The Nets Did Not Break

by Rachel Grandey

There was a lost feeling to us as we set out, cast the nets, settled to a night of
a night of what, pretending we were just fishermen, had something we were good at, imagining
the sun might rise over the sea, gracing soft wave-peaks with musty morning gold.
Such comfort as it was we held onto like drowning men.

The sun did rise, but that was all.
No fish for the night’s labours, just the slow-settling empty feel
of failure, that’s what it was. And the hunger, sinking hunger 
for something we didn’t possess. Something that could
hold us together, remind us of a once-something,
the nagging sense that there should be, there could be more.
A salty slap in the face from the vacant wind.

So the sun rose and we turned for home. Nothing else for it. 
Each of us toying with a back-of-the-mind fear
like the last morsel of food on a plate we can’t bear to see empty.
That familiar fear of looking into the unhoped-for unknown. 
Our minds already blown too many times, too raw, too tender 
to face reality. Like waking after a night of too much wine.
But we had no wine, no fish, nothing to hold in our hands but the water
that stung calloused palms and the knotted ropes that burned them.
Our empty, empty hands.

Where he came from I couldn’t say.
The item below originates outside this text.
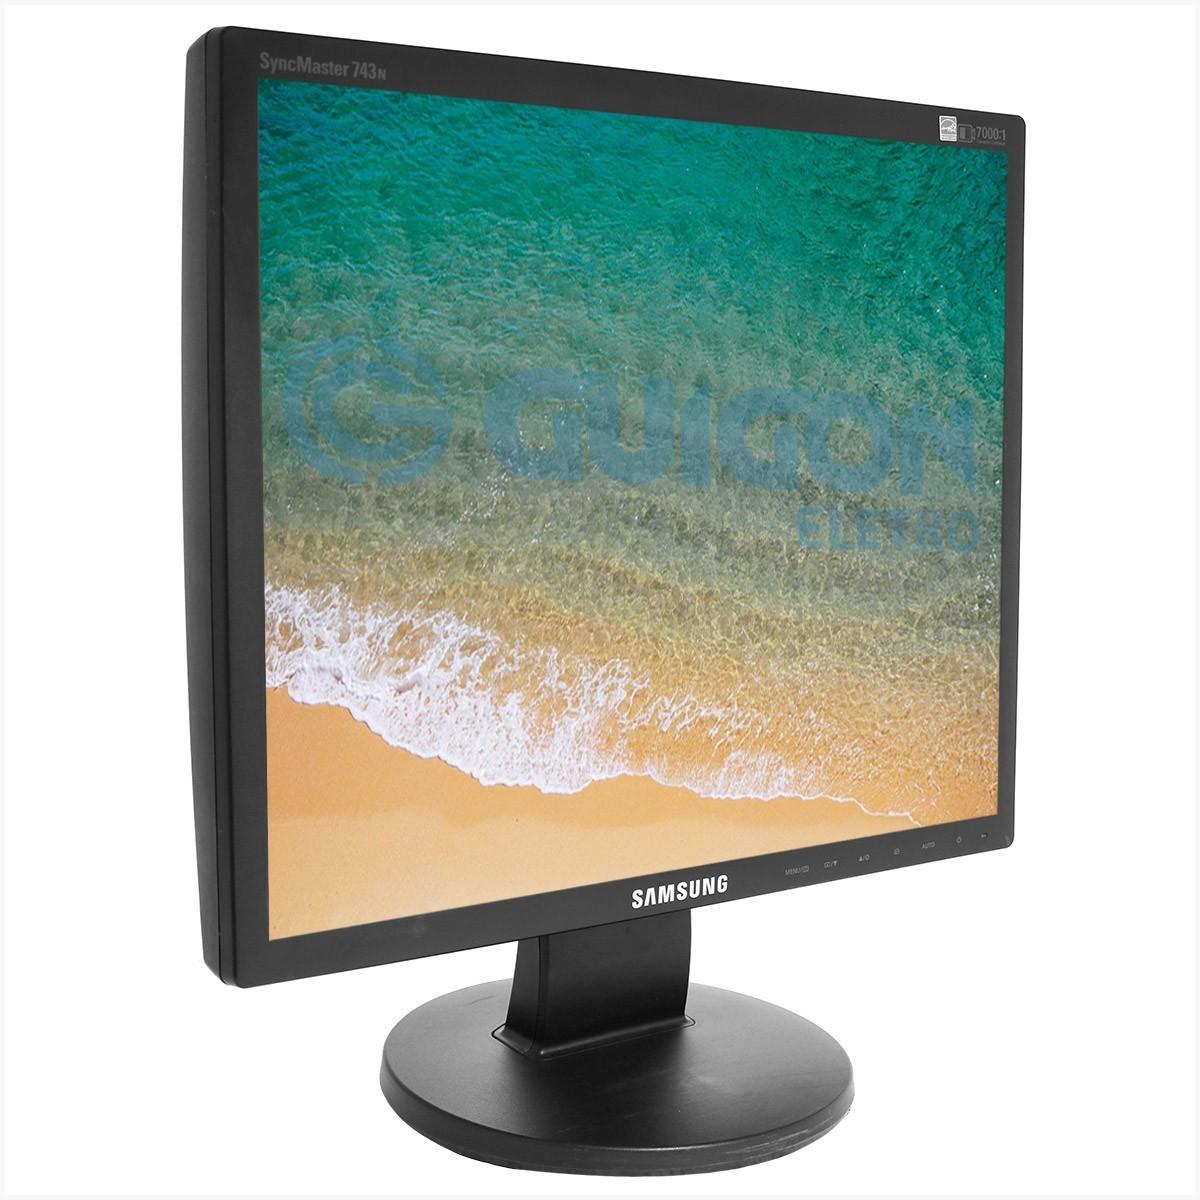 "Monitor Samsung 743N 17"" - Usado"

Who first heard him, who decided to try again, I don’t know.
Most of us were too glum to know any better, still stunned by the dawn gloom, 
held by dark thoughts. 
So we threw the nets on the other side. Too tired, too desolate to care.
What came next was magic but no miracle. The haul, the heavy writhe
of life beneath our hands. The familiar shout, heave, the splash that roused and awoke us.
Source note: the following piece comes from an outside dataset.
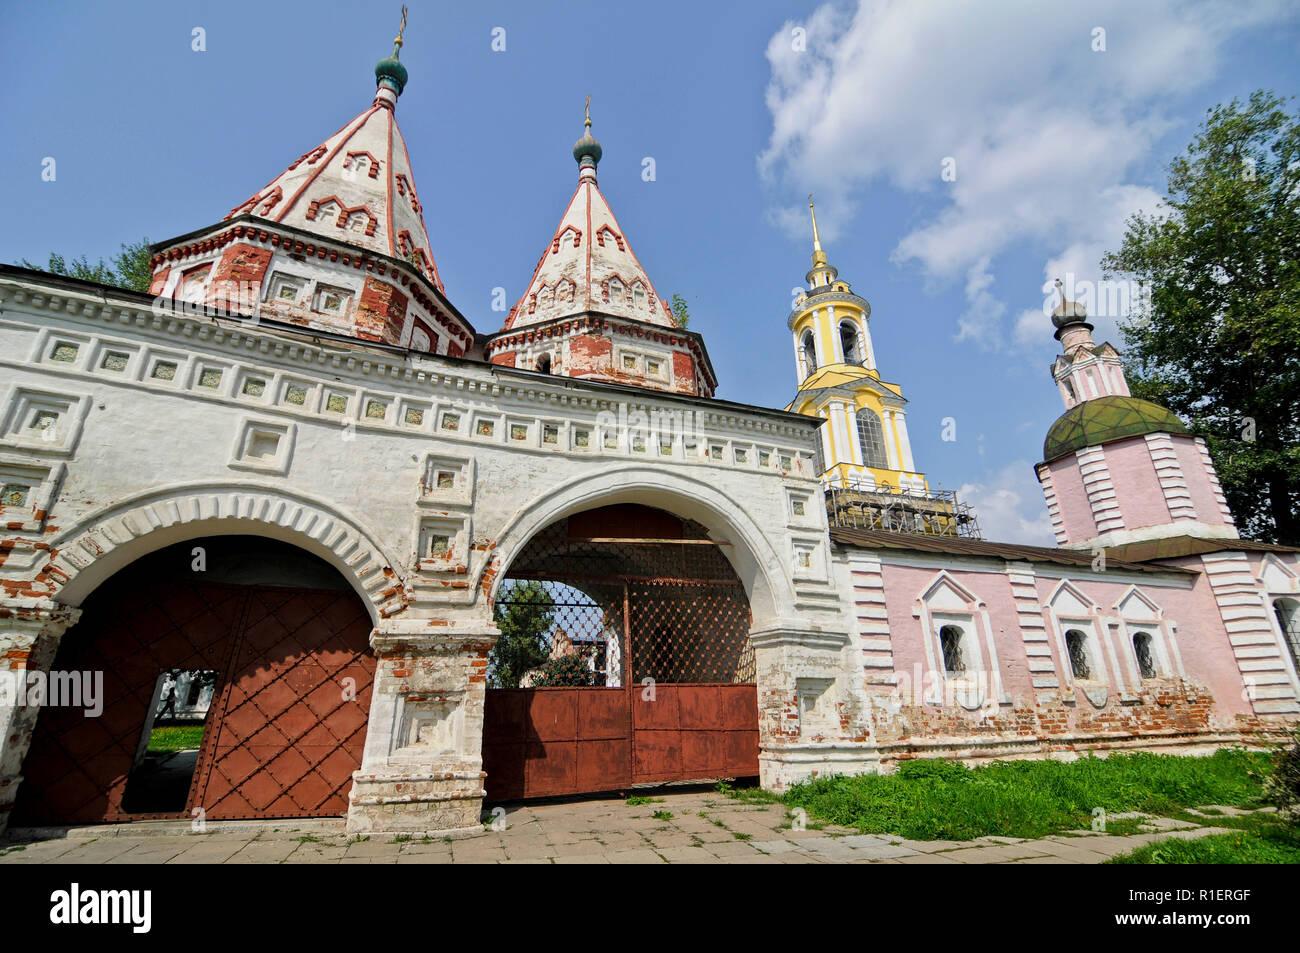 Rizopolozhensky ('Deposition der Robe') Kloster, Wladimir, Russland Stockbild

Then the second awakening, the shout, the splash. There the miracle
waiting for us on the shore with a smoke-hidden smile of welcome and something 
to fill those empty hands, bellies, hearts.

It was a good catch in the end. And the nets did not break.

Rachel Grandey, originally from North-East England, studied literature, linguistics and anthropology before moving to South-East Asia to teach English. She enjoys sea-gazing, bird-watching, tea-drinking and early morning forest-exploring. Her poetry has been published in Vita Poetica and Amethyst Review.